The Site Reliability Engineer will play a critical role in maintaining and improving the reliability, scalability, and performance of our cloud-native infrastructure. You will work closely with engineering teams to ensure systems are resilient, observable, and cost-efficient. This role combines deep technical expertise with operational discipline, requiring proactive problem-solving and a strong understanding of distributed systems.
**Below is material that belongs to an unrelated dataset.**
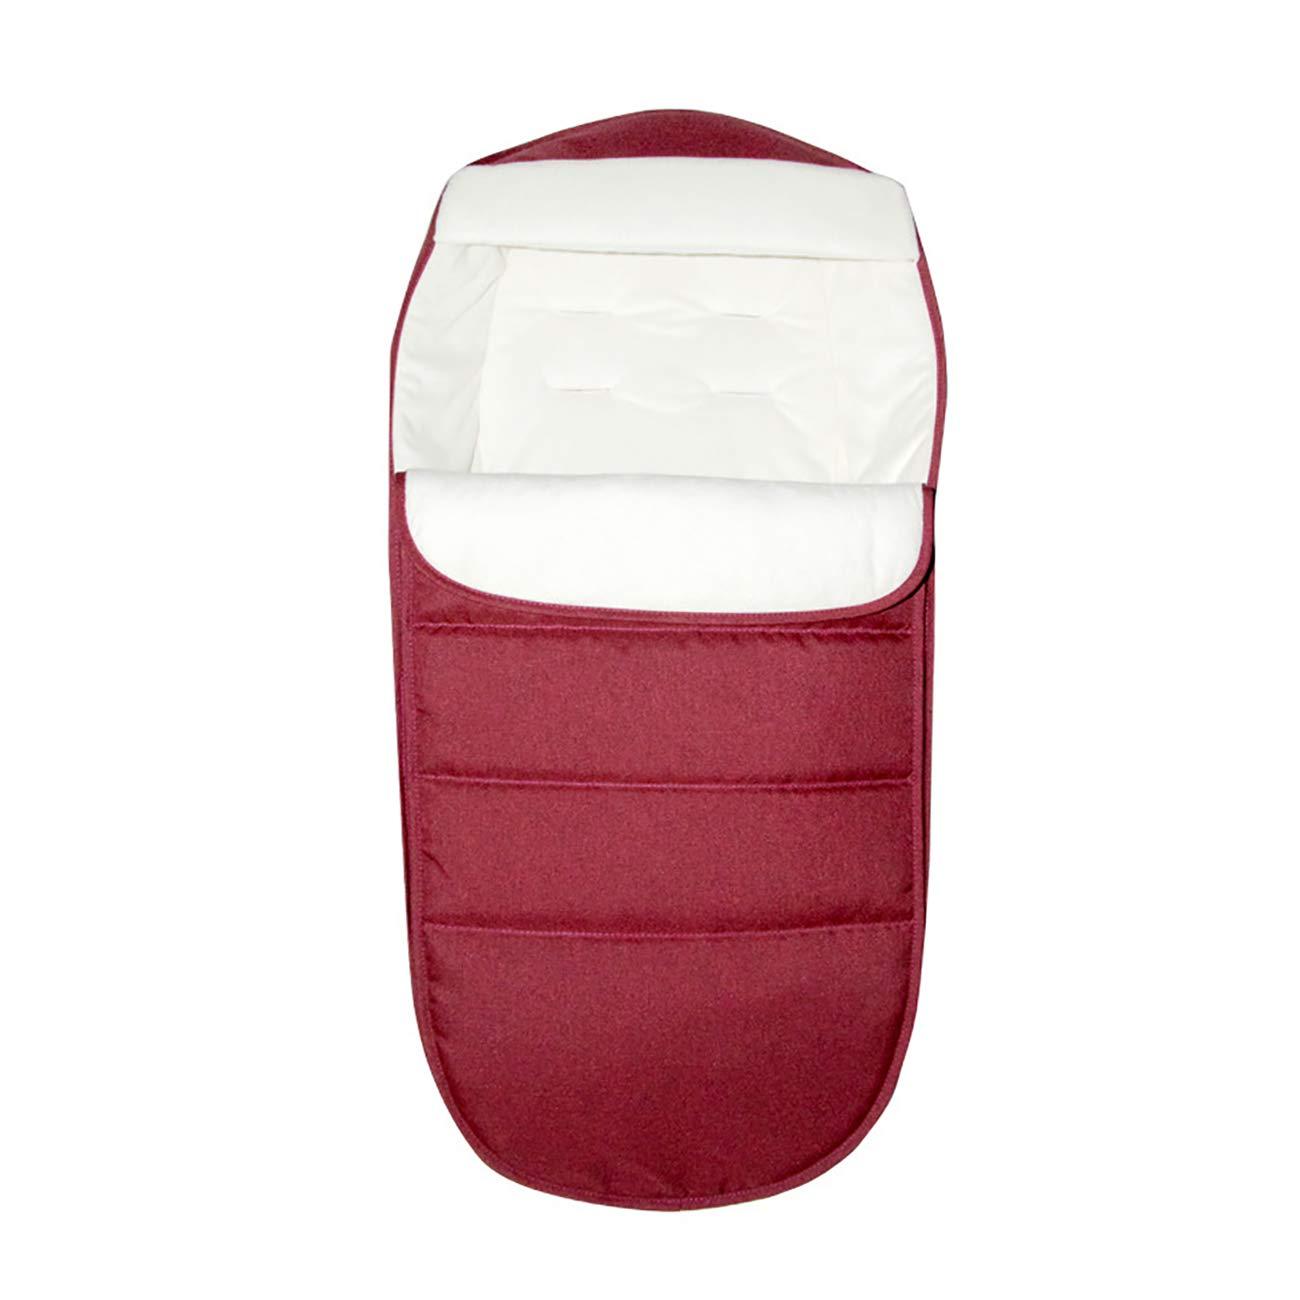 Boys Girls Stroller Swaddle Blanket Sleeping Bag Anti-Kicking Sleeping Nest Uheng Winter Outdoor Tour Newborn Baby Infant Stroller Sleeping Bag Warm Footmuff Sack Bunting Bag
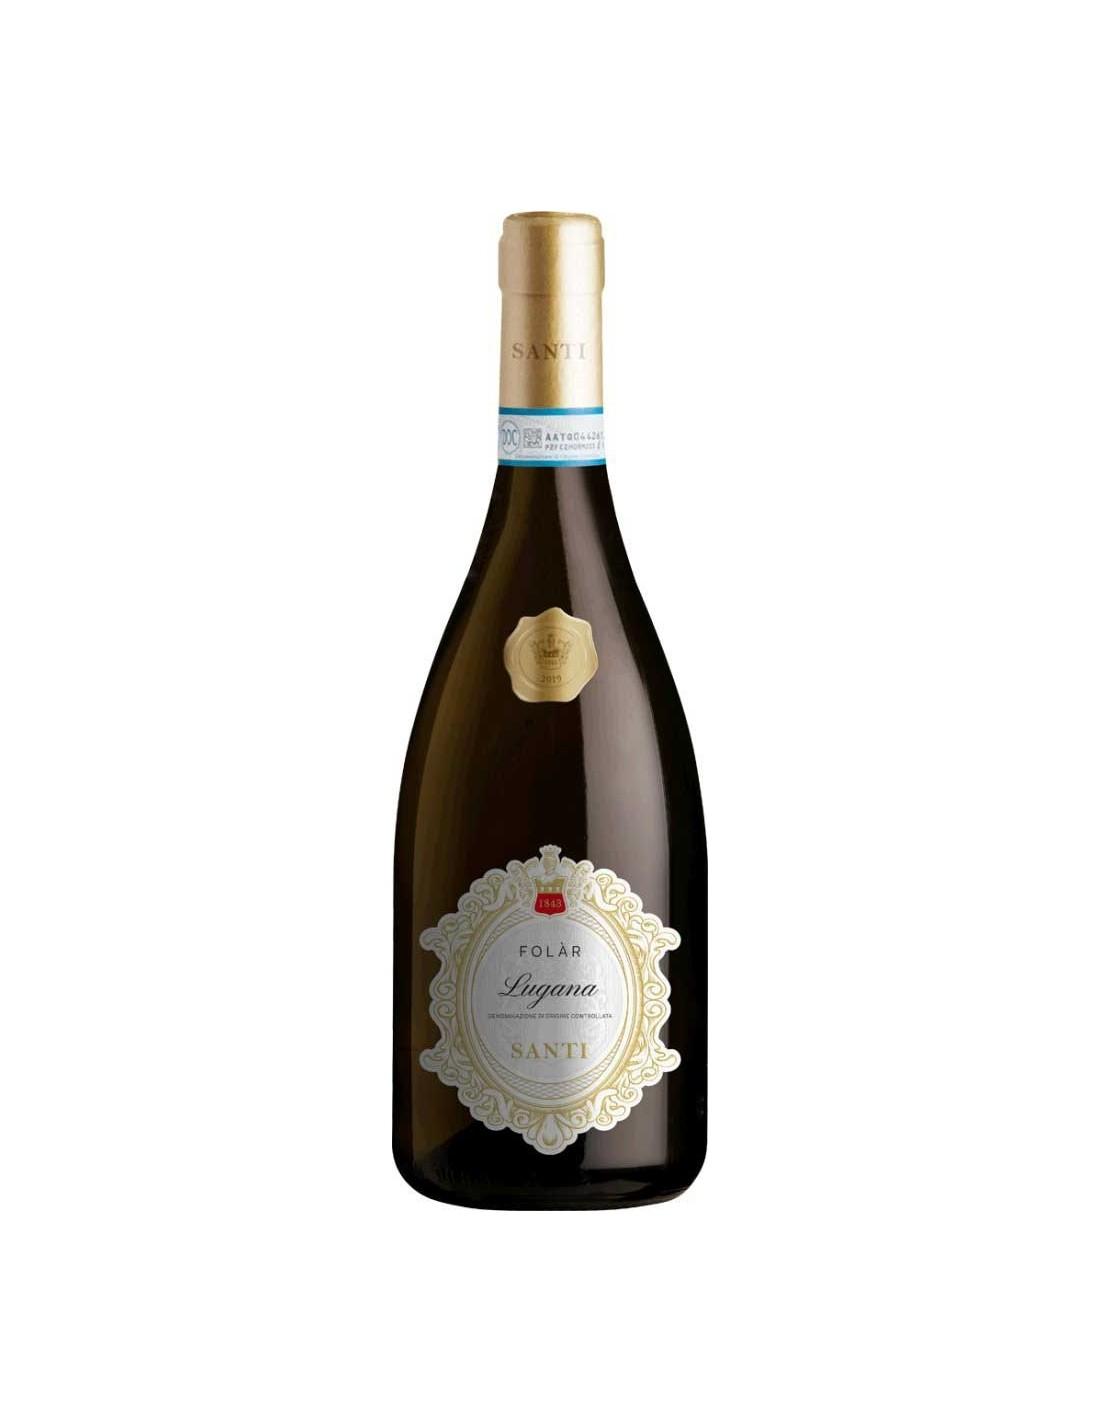 Vin alb, Santi Folar Lugana, 13.5% alc., 0.75L, Italia

You will lead cost optimization initiatives, enhance monitoring and incident response, and contribute to platform-level decisions that impact the entire organization.

Responsibilities

  • Lead initiatives to enhance cost efficiency, such as minimizing network egress expenses by eliminating redundant data transfers.
  • Ensure data storage aligns with access patterns by using appropriate storage classes, including cold storage for infrequently accessed data.
  • Optimize autoscaling configurations for databases and compute resources to balance performance and cost.
  • Improve cost attribution systems so engineering teams have transparent and accurate insights into their cloud spending.
  • Respond to platform incidents as part of an on-call rotation and provide timely resolution support.
  • Assist engineers with infrastructure-related challenges and troubleshooting efforts.
  • Review and approve pull requests requiring platform-level oversight.
  • Collaborate within a small, high-performing team of SREs focused on scalable and reliable systems.

Requirements

  • Proven experience in site reliability engineering, DevOps, software engineering, or systems engineering.
  • Strong troubleshooting abilities in complex distributed systems.
  • Solid understanding of system design and strong analytical reasoning.
  • Effective communication skills for cross-team collaboration.
  • Familiarity with major cloud platforms, with a preference for Google Cloud.
  • Proficiency in SQL for data analysis and querying.
  • Hands-on experience with containers, Kubernetes, and configuration tools like Kustomize and Helm.
  • Knowledge of service mesh technologies, particularly Istio.
  • Understanding of networking concepts including DNS, TLS, certificates, and ingress routing.
  • Experience with observability tools such as Datadog for logs, metrics, and APM.
  • Working knowledge of security practices including IAM, RBAC, and network security.
  • Familiarity with authentication and authorization mechanisms.
  • Experience with CI/CD pipelines and automation.
  • Knowledge of database systems and their operational requirements.
  • Proficiency in scripting with Bash, Python, or similar languages.

Tech Stack

Google Cloud, Kubernetes, Kustomize, Helm, Istio, Datadog, SQL, Bash, Python, CI/CD, DNS, TLS, IAM, RBAC, APM, Containers

Benefits

  • Well-funded startup with significant growth ambitions.
  • Competitive compensation package.
  • Pre-IPO equity participation.
  • Unlimited paid time off.
  • Travel stipend through Carrot Cash.
  • On-demand access to co-working spaces via FlexDesk.
  • Work-from-home financial support.
  • Generous parental leave policy exceeding industry norms.
  • Direct access to company leadership and open communication channels.
  • High-impact roles within small, agile teams.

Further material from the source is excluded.